B. A point that fails one
Is \((0, 0)\) a solution?
\(0 < 1\) ✓ but \(0 \ge 2\) ✗. One fails → not a solution.
C. Another solution
Is \((5, 1)\) a solution?
\(1 < 11\) ✓ and \(1 \ge -3\) ✓. Yes — it lies in the overlap.
D. Boundary matters
For \(y \ge -x + 2\), points on that line count (solid, inclusive); for \(y < 2x + 1\), points on that line do not (dashed, strict).

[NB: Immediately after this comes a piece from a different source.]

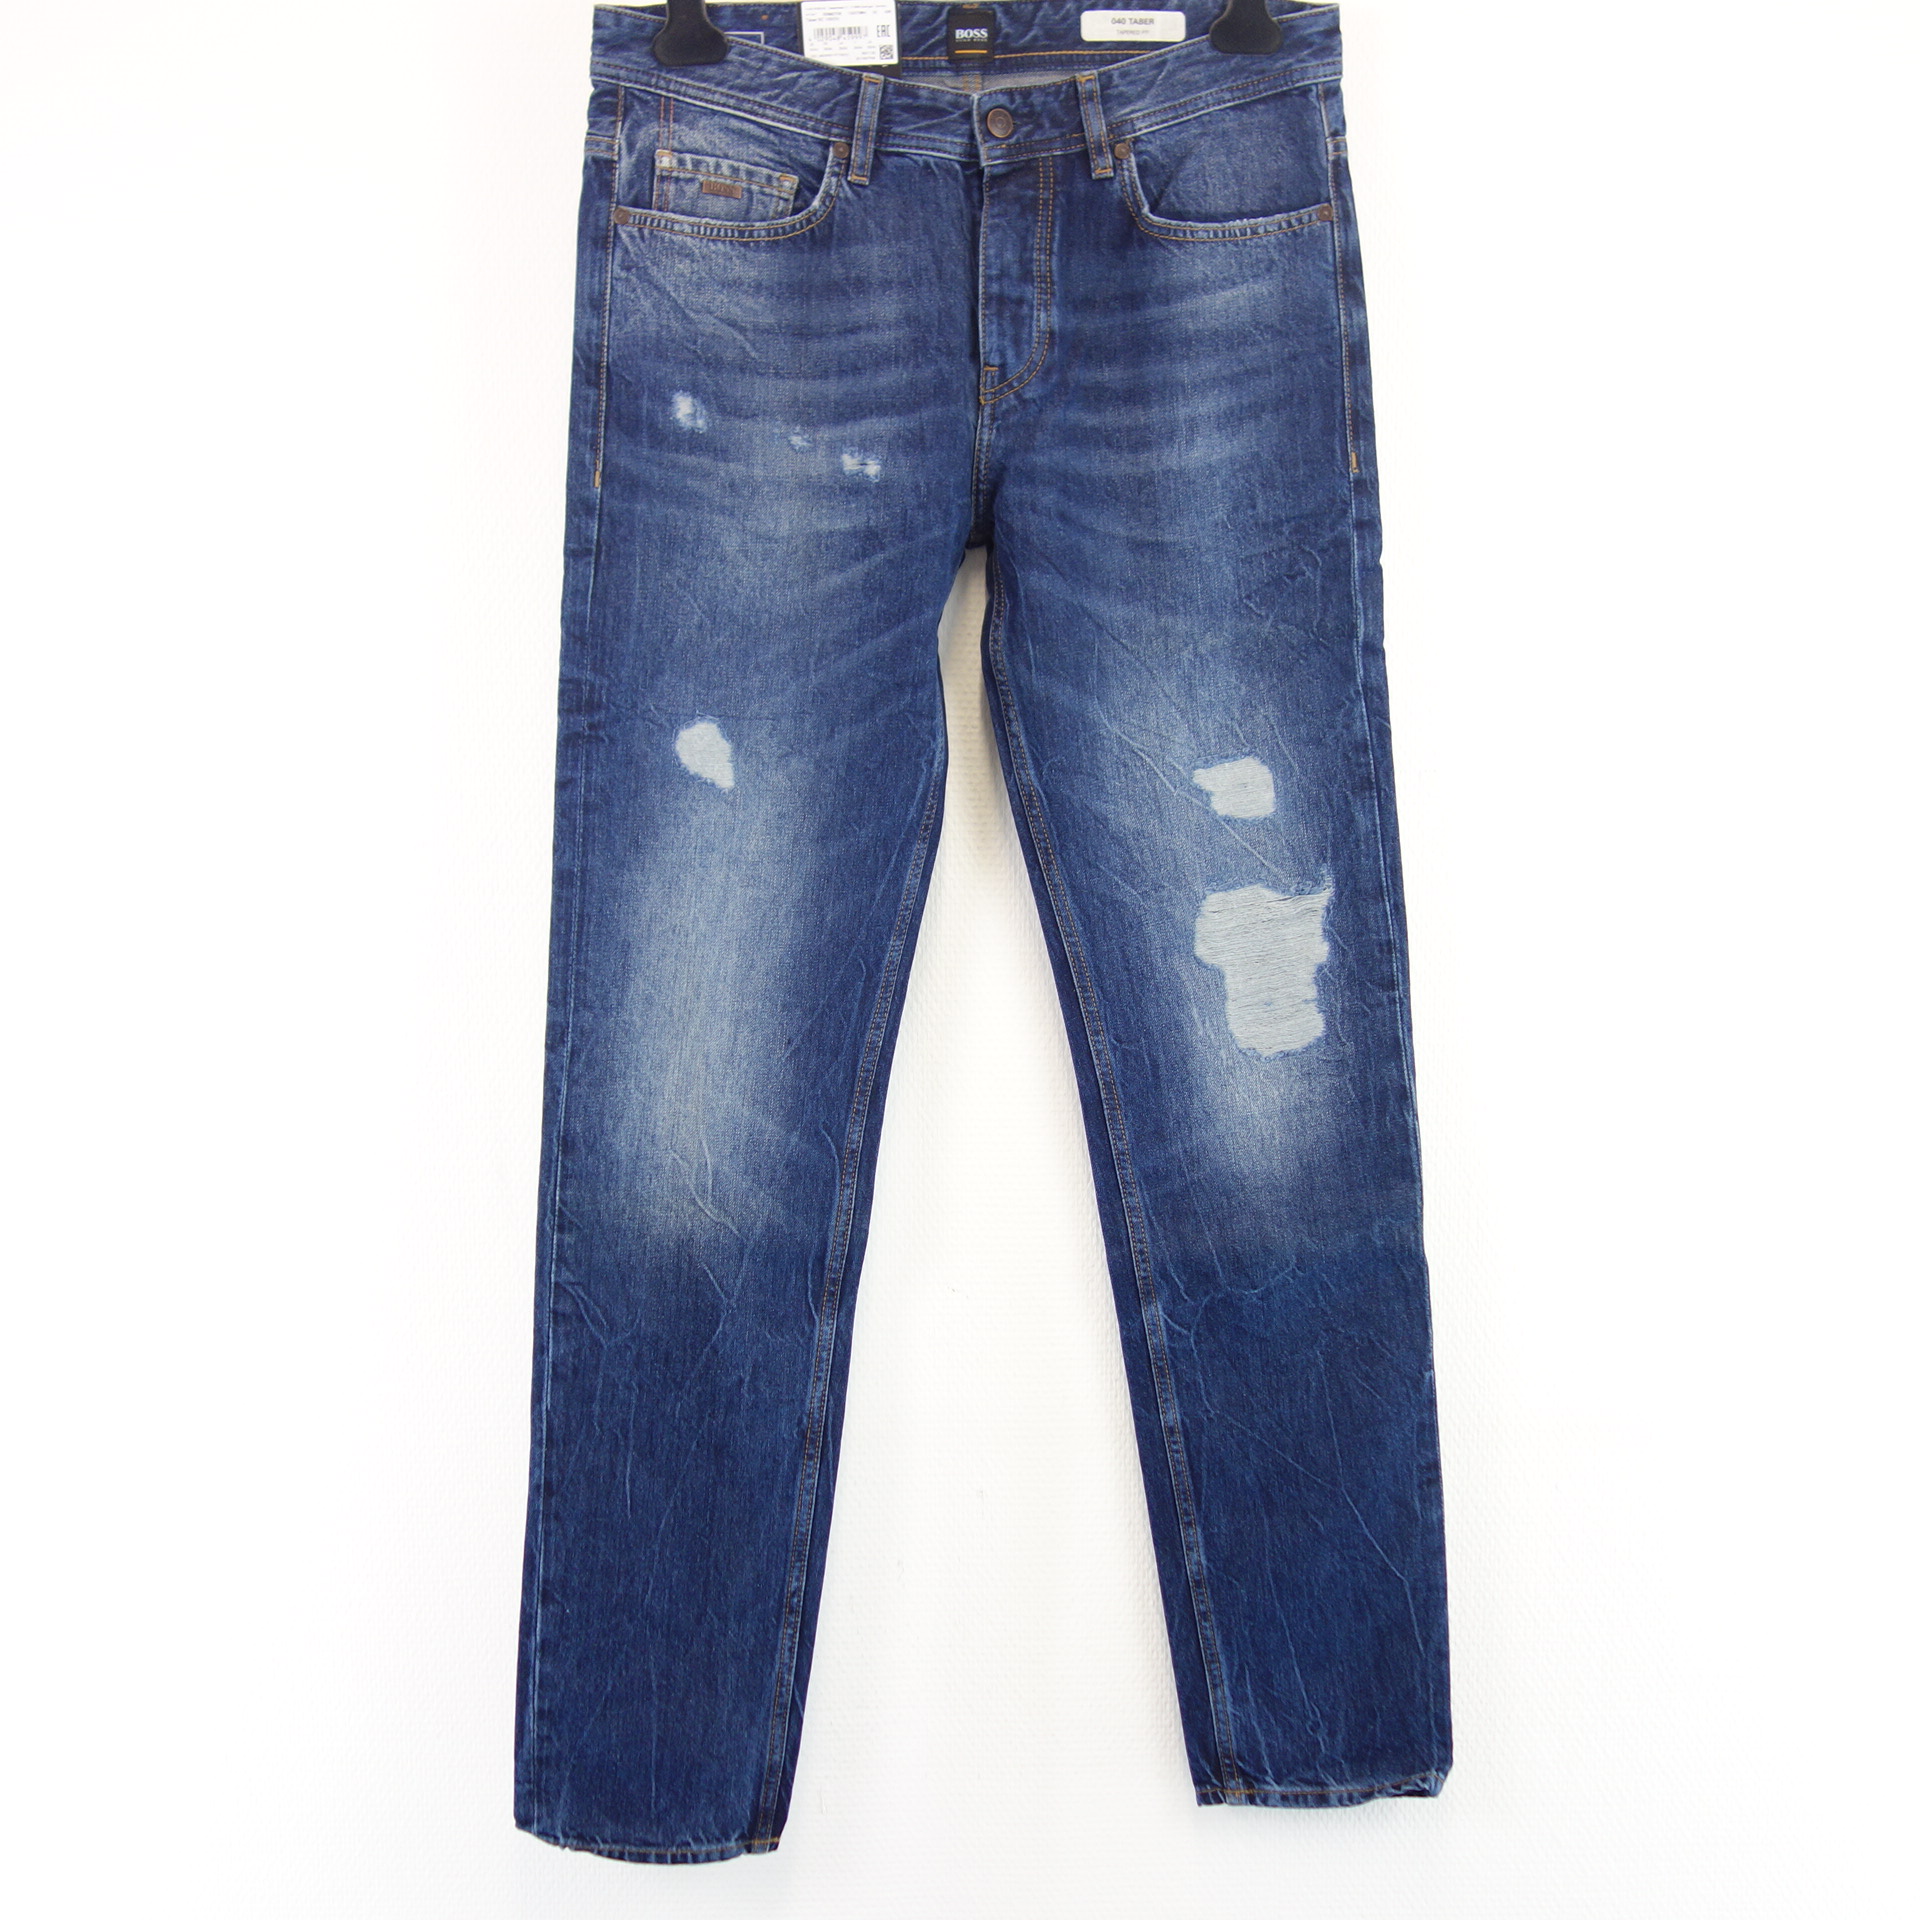 HUGO BOSS Herren Jeans Hose Jeanshose Blau Modell 040 Taber Tapered Fit L32
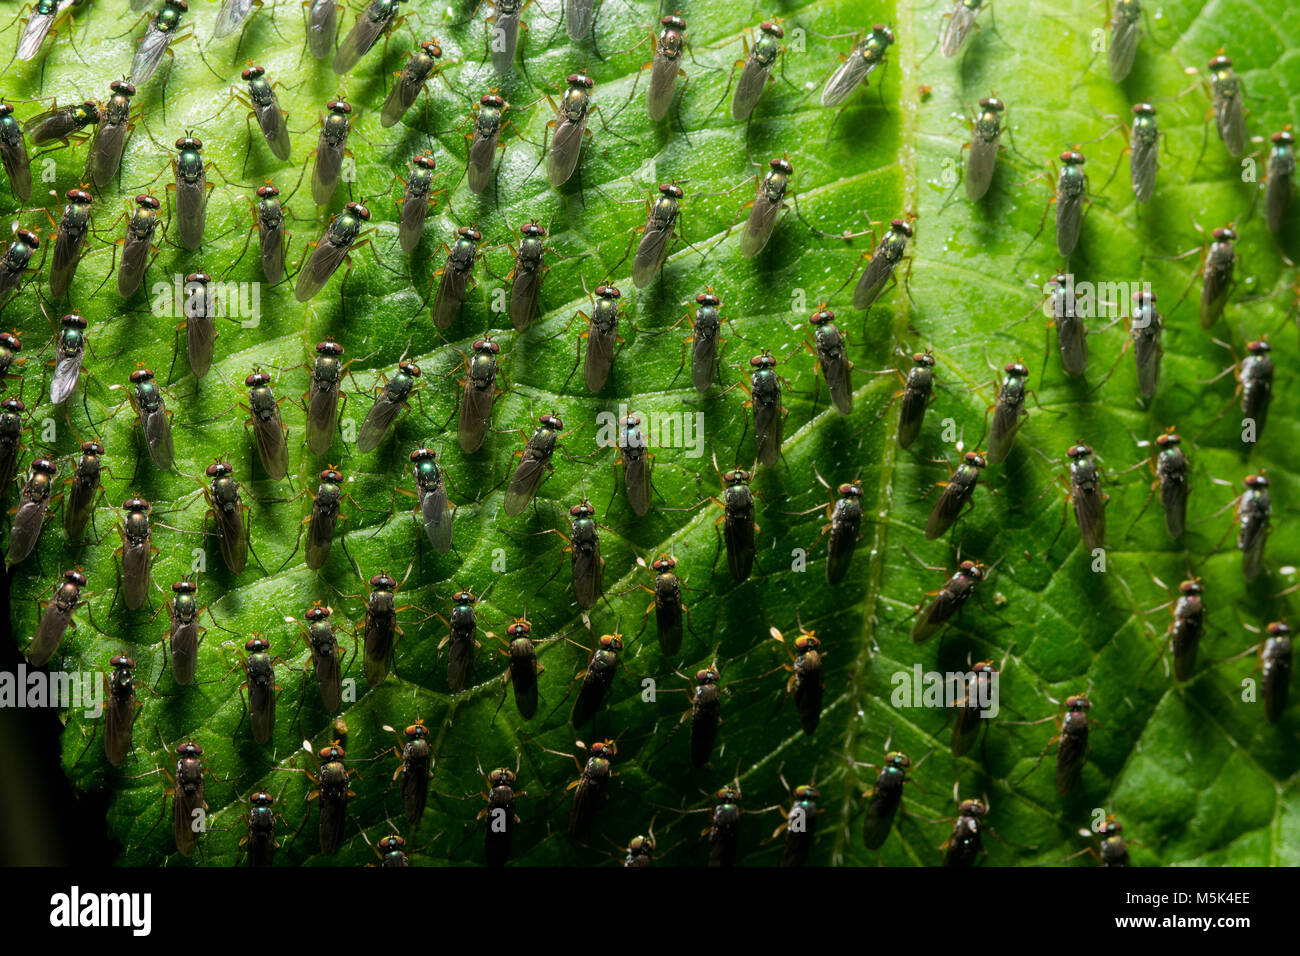 A strangely organized swarm of flies sitting on a leaf. Stock Photo

Solid includes its edge; dashed excludes it.
Where You’ll Use It
Systems of inequalities model real choices with multiple limits at once — a budget and a time cap, minimum protein and maximum calories, at least so many of one item and no more than another. The overlapping “feasible region” shows every combination that satisfies all the constraints, which is the foundation of linear programming.
Easy Points to Lose
- Shading only one inequality. The solution is the overlap; you must shade both and find where they meet.
- Wrong boundary style. Dashed for strict (\(<\), \(>\)); solid for inclusive (\(\le\), \(\ge\)).
- Calling a point a solution when it satisfies just one. It must make both inequalities true.
- Skipping the test point. Don’t guess the shading side — verify with \((0,0)\) (or another off-line point).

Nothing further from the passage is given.